Director, US-China Energy Industry Forum

626-376-7460

[email protected]

July 2, 2023

US-China relation is a global concern because any crisis will have significant impacts on the global economy. It is important to hear and analyze the voices from China on what are their concerns and suggestions for a peaceful resolution. It is a bilateral relation or competition so it will never be one nation’s show. Some observations based on the following reports from Global Times, a Chinese daily newspaper published in English.

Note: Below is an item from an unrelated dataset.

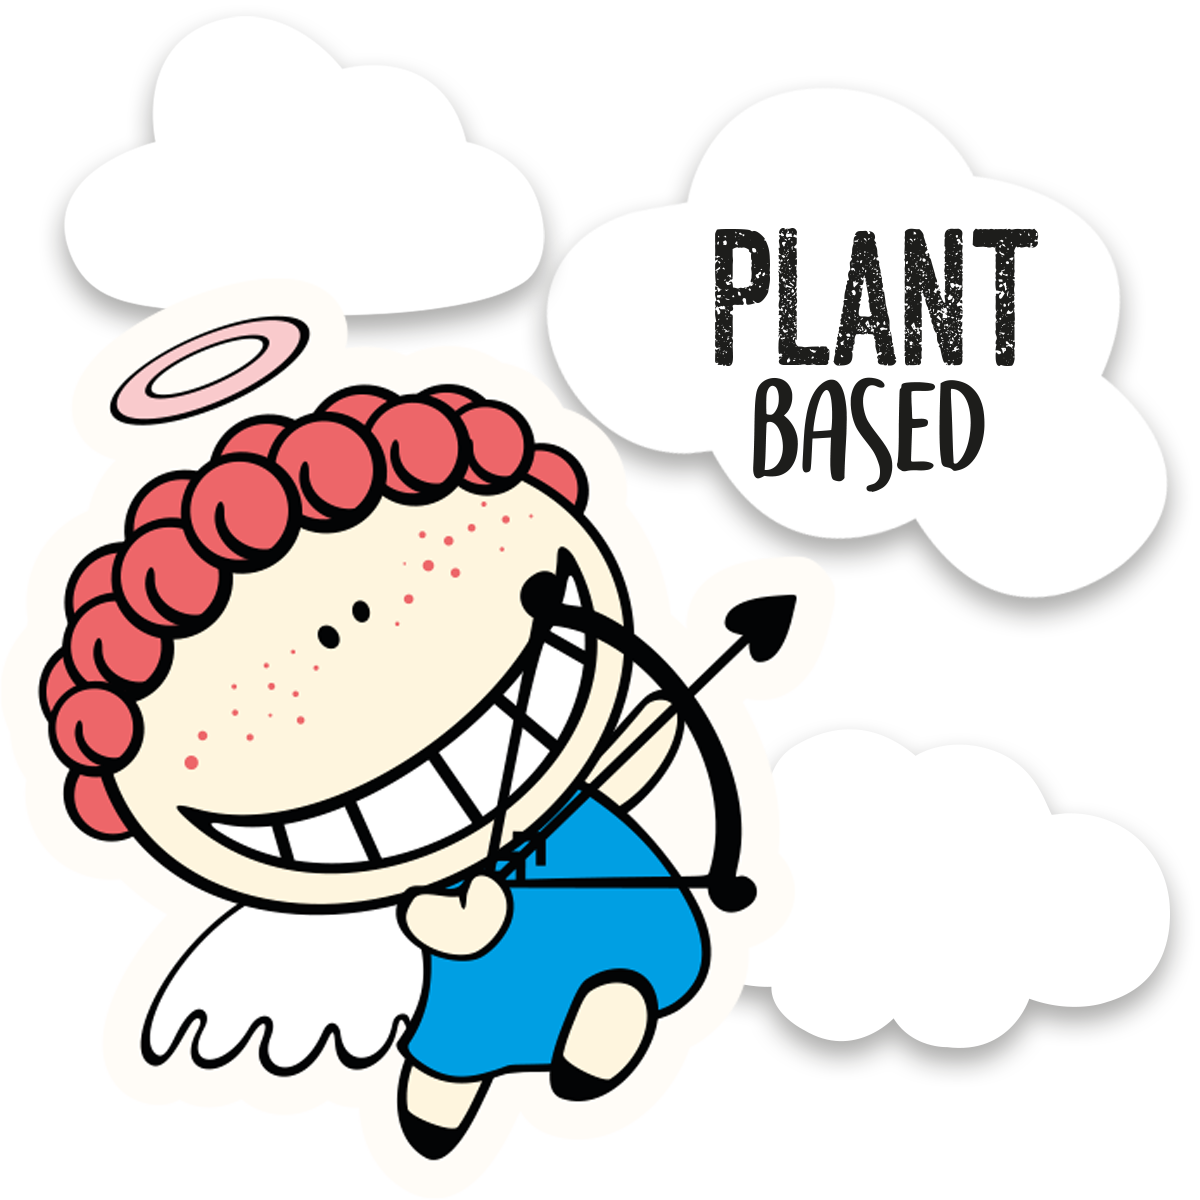 Plant Based Foods
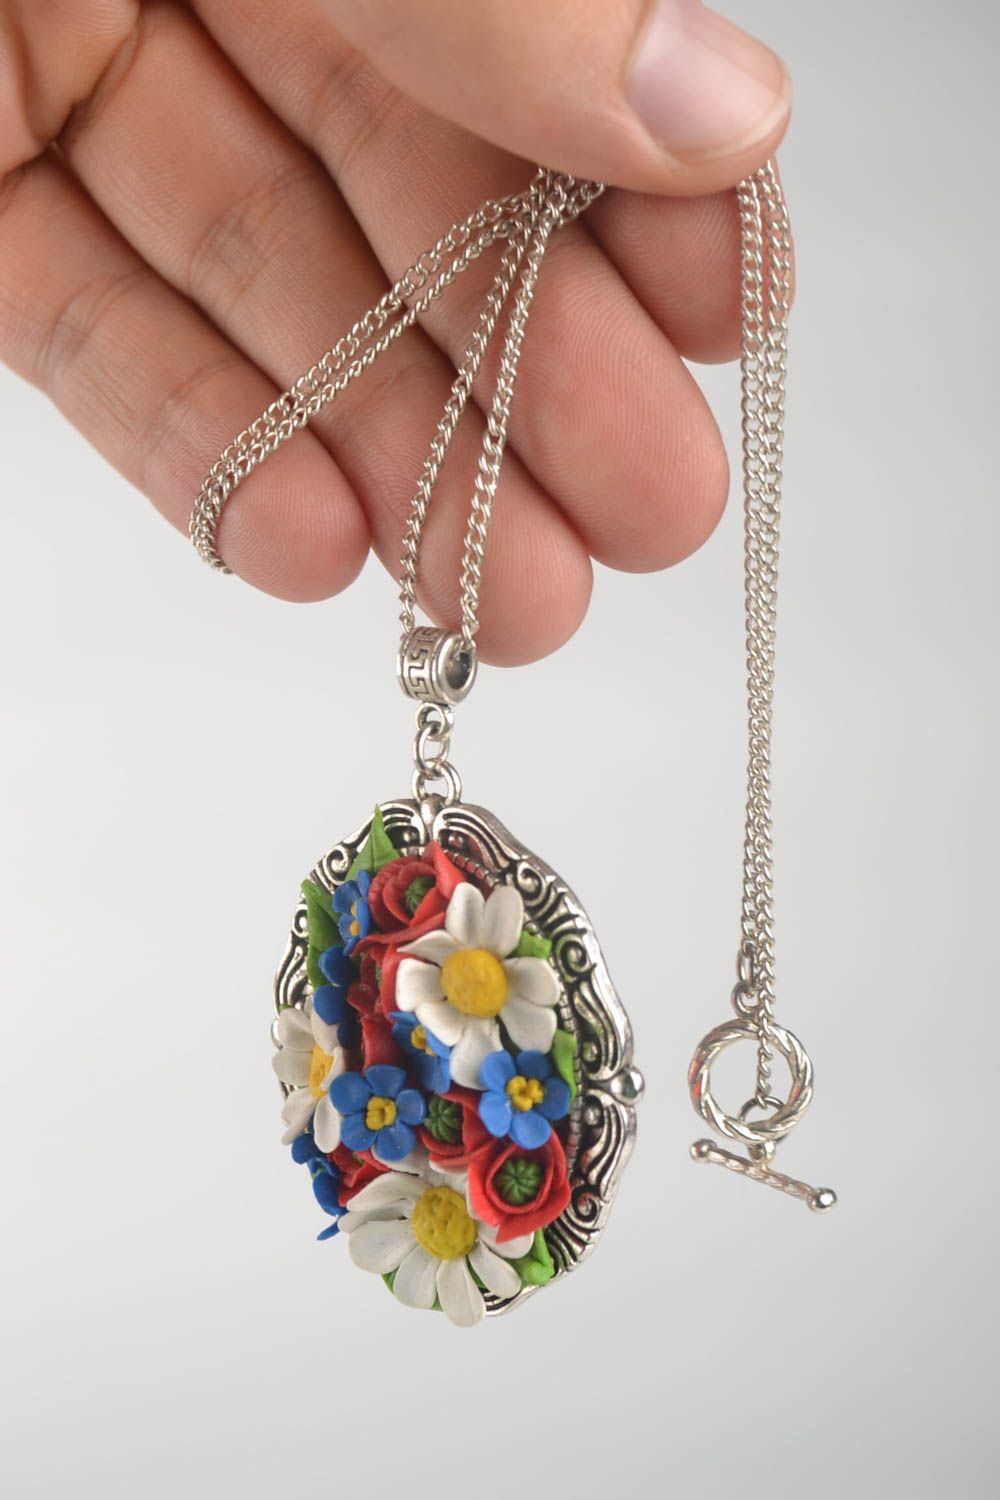 Handmade accessory unique cold porcelain necklace present ideas for girls photo 5

  1. It is absolutely clear that both the US and China need to urgently find ways to reverse the mistrust. But it is very challenging because the “mistrusts” do exist among the majority of 1.2 billion Chinses and 300 million Americans.
  2. But the first priority is that both sides must stop openly challenging each other’s priorities almost every day. Specifically, each administration should set a comprehensive coherent policy and follow it through. As of now, many inconsistent messages, including gaffes and news leaks, are all over the media. It drives endless public opinion debates confusing the other party.
  3. There were exchanges or interactions before the mutual trust was lost. So, US-China both have had many “tool sets” before, for example there was the annual US-China Strategic Economic Dialogues. Not so long ago, there were some hundred thousand Chinese students in the US ever year for undergraduate and graduate studies.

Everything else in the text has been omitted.